In a preface to the English translation (His Excellency. London: Chatto & Windus), Vizetelly states that. in his opinion:

"with all due allowance for its somewhat limited range of subject, Son Excellence Eugene Rougon is the one existing French novel which gives the reader a fair general idea of what occurred in political spheres at an important period of the Empire. But His Excellency Eugene Rougon is not, as many critics and others have supposed, a mere portrait or caricature of His Excellency Eugène Rouher, the famous Vice-Emperor of history. Symbolism is to be found in every one of Zola's novels, and Rougon, in his main lines, is but the symbol of a principle, or, to be accurate, the symbol of a certain form of the principle of authority. His face is Rouher's, like his build and his favorite gesture; but with Rouher's words, actions, opinions, and experiences are blended those of half a dozen other personages. He is the incarnation of that craving, that lust for power which impelled so many men of ability to throw all principle to the winds and become the instruments of an abominable system of government. And his transformation at the close of the story is in strict accordance with historical facts."

== Relation to the other Rougon-Macquart novels ==

Zola's plan for the Rougon-Macquart novels was to show how heredity and environment worked on members of one family over the course of the Second Empire. All of the descendants of Adelaïde Fouque (Tante Dide), Eugène's grandmother, demonstrate what today would be called obsessive-compulsive behaviors to varying degrees. Eugène is obsessed with power and controlling the lives of others, as Zola makes clear in chapter 6:

"With him it was love of power for sheer power's sake, a love, what is more, untrammelled by any craving for personal glory or wealth or honours. Shockingly ignorant and terribly mediocre in all but the management of other men, it was only by his need to dominate others that he really rose to any height. He loved the mere effort of it, and worshipped his own ability." (trans. Alec Brown) ["C'était, chez lui, un amour du pouvoir pour le pouvoir, dégagé des appétits de vanité, de richesses, d'honneurs. D'une ignorance crasse, d'une grande médiocrité dans toutes les choses étrangères au maniement des hommes, il ne devenait véritablement supérieur que par ses besoins de domination. Là, il aimait son effort, il idolâtrait son intelligence."]

Eugène also resembles his avaricious parents Pierre and Félicité. Their desire for power over their hometown of Plassans becomes in Eugène a desire for power on a national scale. (In this, he shows an affinity to his brothers Aristide, who lusts for money, and Pascal, who thirsts for knowledge.) Zola also strongly suggests that the corrupt environment of Second Empire politics and society is what allows Eugène's personality and desire for power to be nurtured and fulfilled.

In La conquête de Plassans (set in 1864-1865), Eugène is the unnamed "friend" who sends Abbé Faujas to Plassans to solidify support for the Emperor there.

In L'argent (which opens in 1864), Eugène's refusal to help his brother Aristide after a financial setback by the latter is the catalyst for the novel, spurring Aristide to ruthless and unethical speculations that eventually lead to the financial ruination of thousands. To disassociate himself from the scandal and to keep Aristide from prison, Eugène arranges for his brother's exile to Belgium.

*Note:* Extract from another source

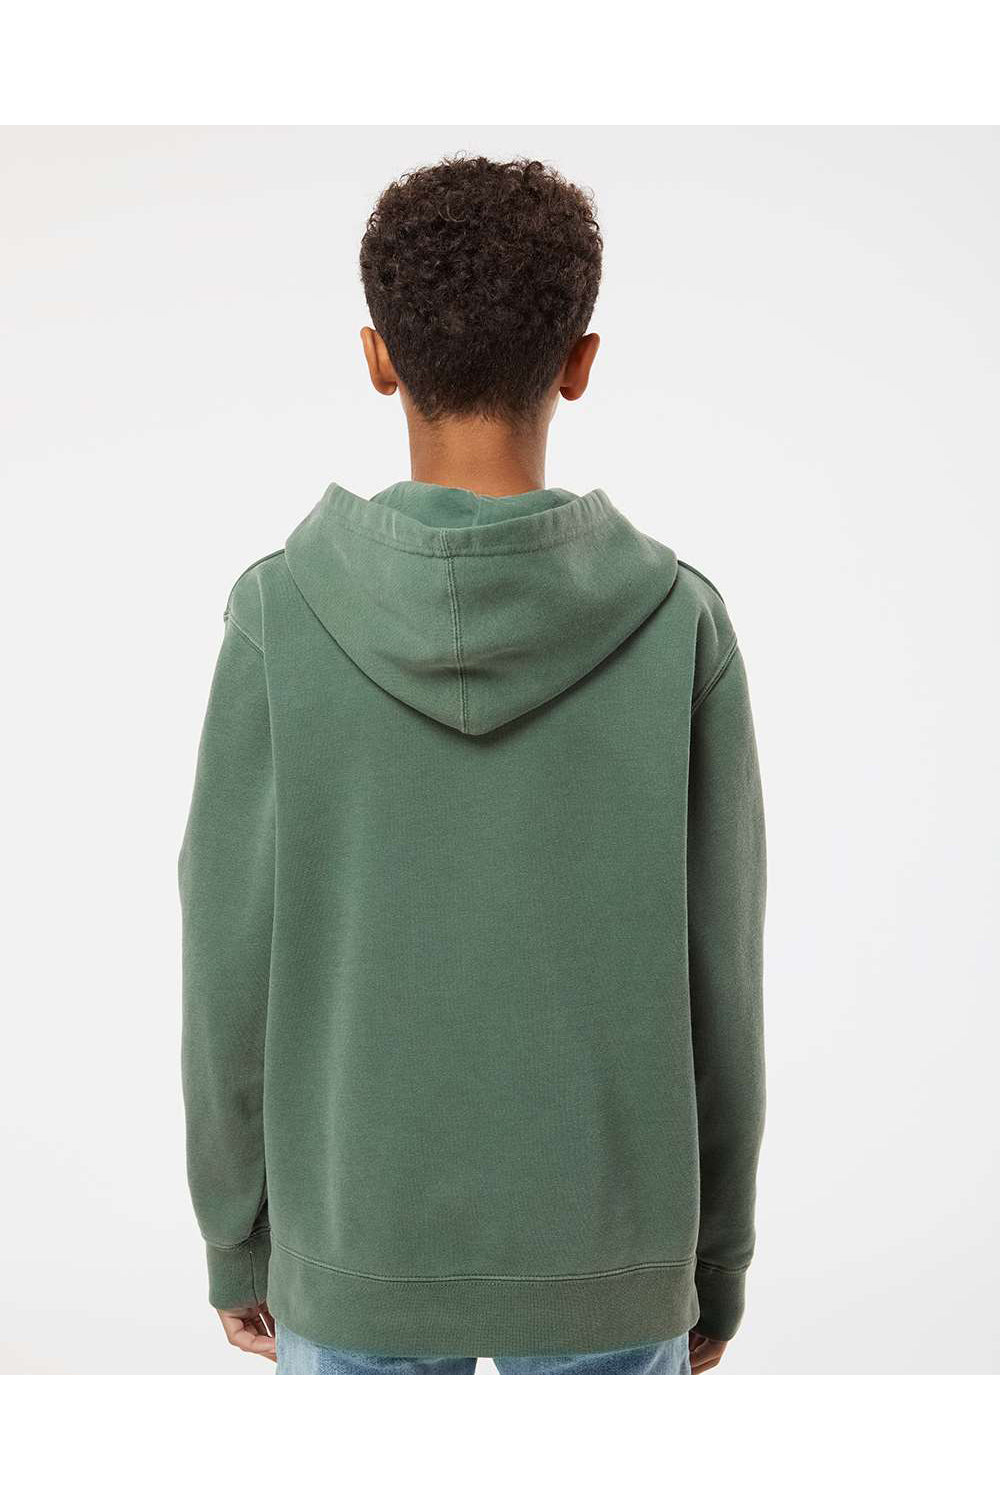 Independent Trading Co. PRM1500Y Youth Pigment Dyed Hooded Sweatshirt Hoodie Alpine Green Model Back

In Le docteur Pascal (set in 1872), Zola tells us that Eugène becomes a deputy in the legislative assembly and remains a staunch defender of the Emperor and the Empire after the Franco-Prussian War. He has no children.

==English translations==
===Expurgated===
1. Clorinda or The Rise and Reign of His Excellency Eugène Rougon (1880, tr. Mary Neal Sherwood, T.B. Peterson & Bros.)
2. His Excellency Eugène Rougon (1886, tr. unknown for H. Vizetelly, Vizetelly & Co.)

===Unexpurgated===
1. His Excellency (1958, tr. Alec Brown, Elek Books)
2. His Excellency Eugène Rougon (2018, tr. Brian Nelson, Oxford University Press)

==Sources==
- Brown, F. (1995). Zola: A life. New York: Farrar, Straus & Giroux.
- Zola, É. Le doctor Pascal, translated as Doctor Pascal by E.A. Vizetelly (1893).
- Zola, É. Son Excellence Eugène Rougon, translated as His Excellency by E.A. Vizetelly (1897).
- Zola, É. Son Excellence Eugène Rougon, translated as His Excellency by Alec Brown (1958).